Speer Gold Dot 124-grain +P

This is one of the most popular 9 mm loads for law enforcement. It performs very well on all of the FBI barrier tests and has an excellent record on the street and for reliability in a broad range of defensive handguns. Commonly, out of duty-sized handguns this load will deliver penetration in excess of 13 inches, sometimes with almost double diameter expansion. When this happens, crush cavities can be as large as five cubic inches. Speer also offers a +P variation of this load that has been optimized to deliver excellent terminal performance when fired from compact and ultra-compact 9 mm handguns with short barrels.
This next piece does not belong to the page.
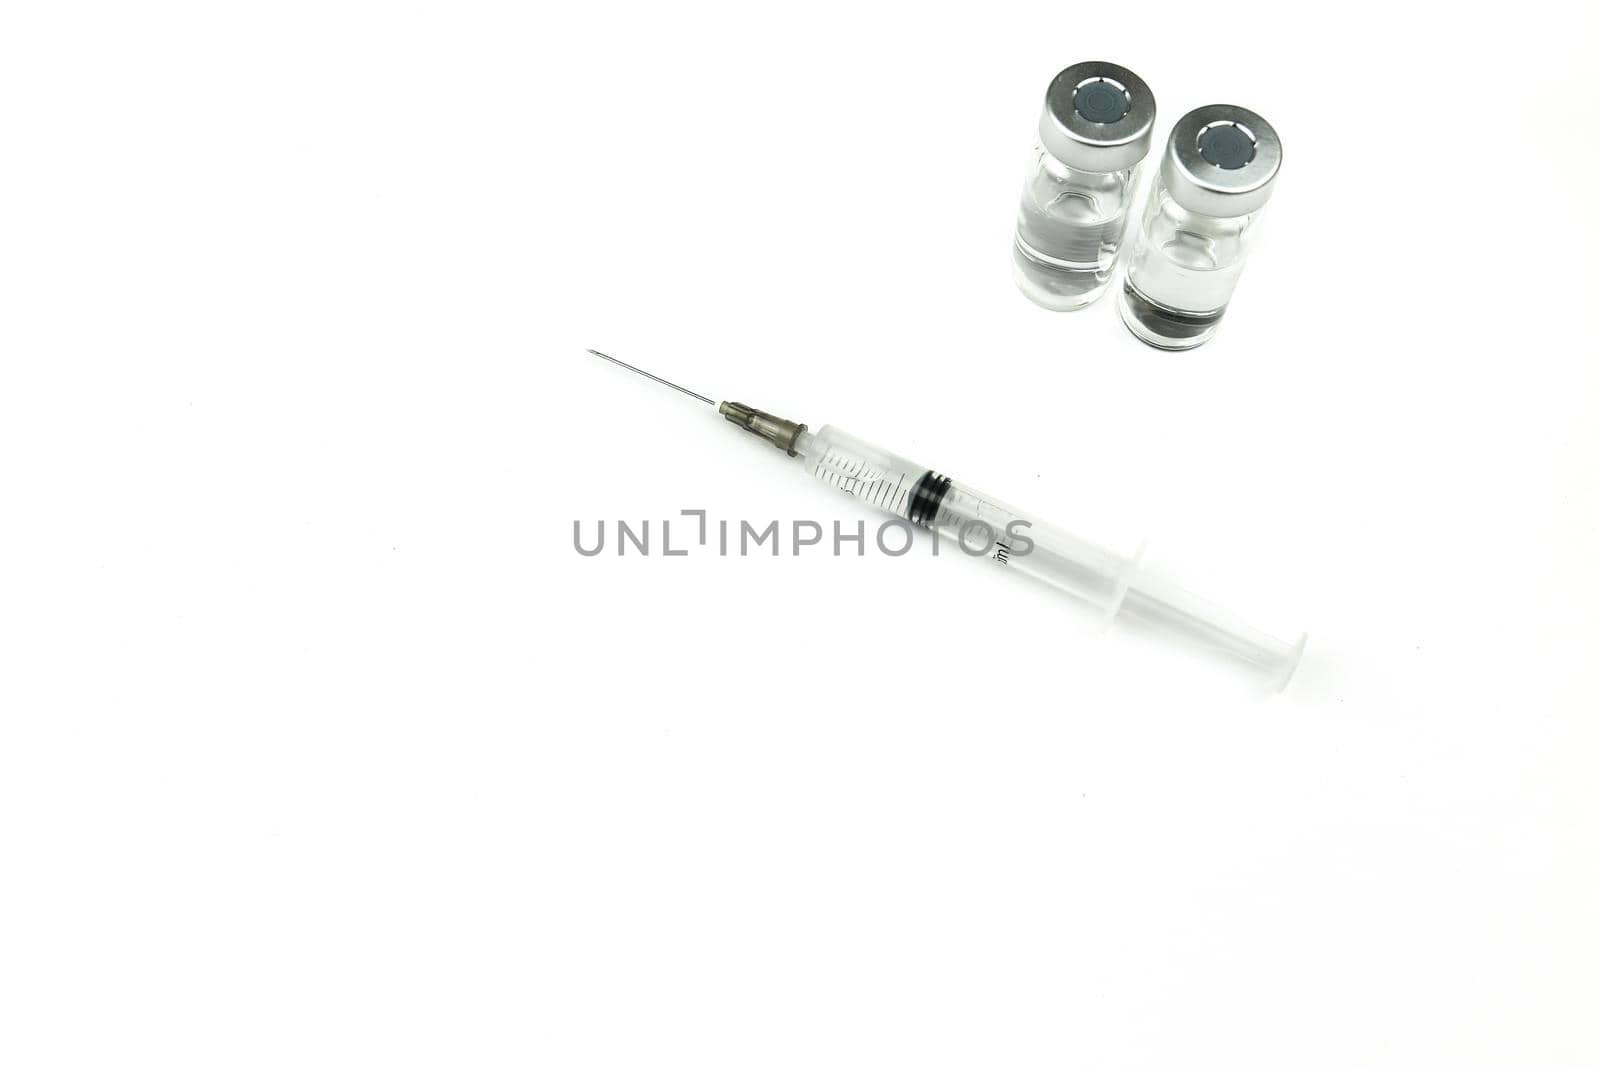 Close up picture of syringe and vials filled with liquid of vaccine on white background.
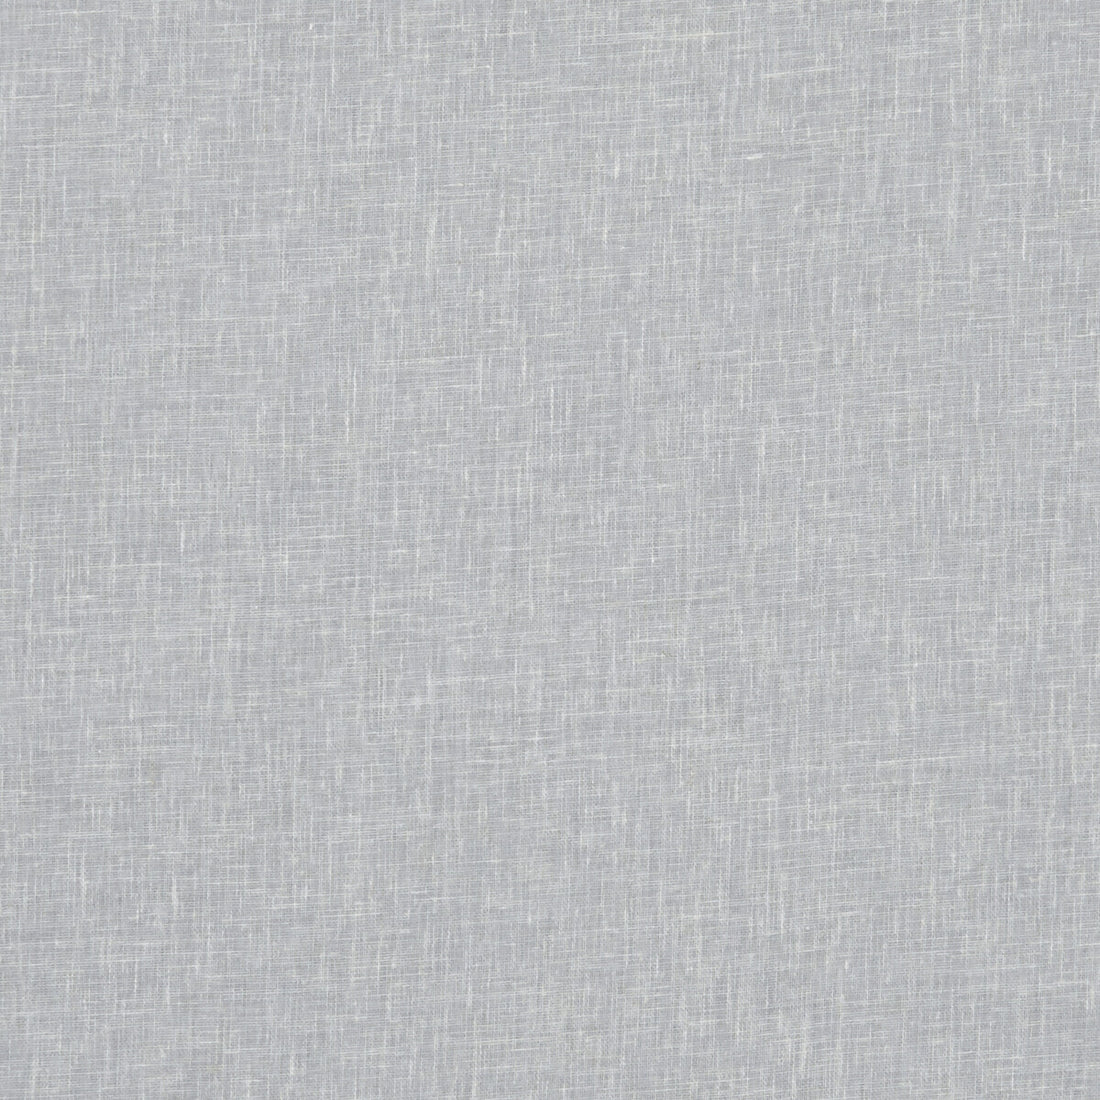 Midori fabric in mist color - pattern F1068/28.CAC.0 - by Clarke And Clarke in the Clarke &amp; Clarke Midori collection

Buffalo Bore Barnes TAC-XP 115-grain +P

Averaging more than 15 inches of penetration with expansion as wide as 1.6 times original bullet diameter, this all-copper Barnes 115-grain bullet load is an excellent option and may be the best 115-grain defensive load for the 9 mm. Though several ammunition manufacturers offer this same bullet—including Barnes Bullets, which is now owned by Sierra—the highest velocities will be found from Buffalo Bore, which can approach and even exceed 1,300 fps from a 4-inch barrel. Mono-metal bullets like the Barnes TAC-XP can perform very well when it comes to intermediate barriers but for the best terminal performance these all-copper bullets need velocity. That’s where Buffalo Bore delivers. Crush cavities tend to measure on either side of 4 cubic inches.

Federal HST 124-grain

In 2002, Federal introduced new ammunition intended for law enforcement agencies. This “tactical” ammunition used a new bullet designated “HST.” Some hypothesized the acronym stood for “Hi-Shok Two” but in reality, it was just a name. It is however a name that during the last 10 years gained a stellar reputation on the street. This should not come as a surprise to Tom Burczynski, of Hydra-Shok and EFMJ fame, worked on the project. Now commercially available, Federal HST ammunition is considered barrier blind, meaning bullets should perform well even after passing through common barriers. This load generally penetrates to about 14 inches while expanding to 1.6 times original bullet diameter, this results in a crush cavities measuring about 3.6 to 3.8 cubic inches.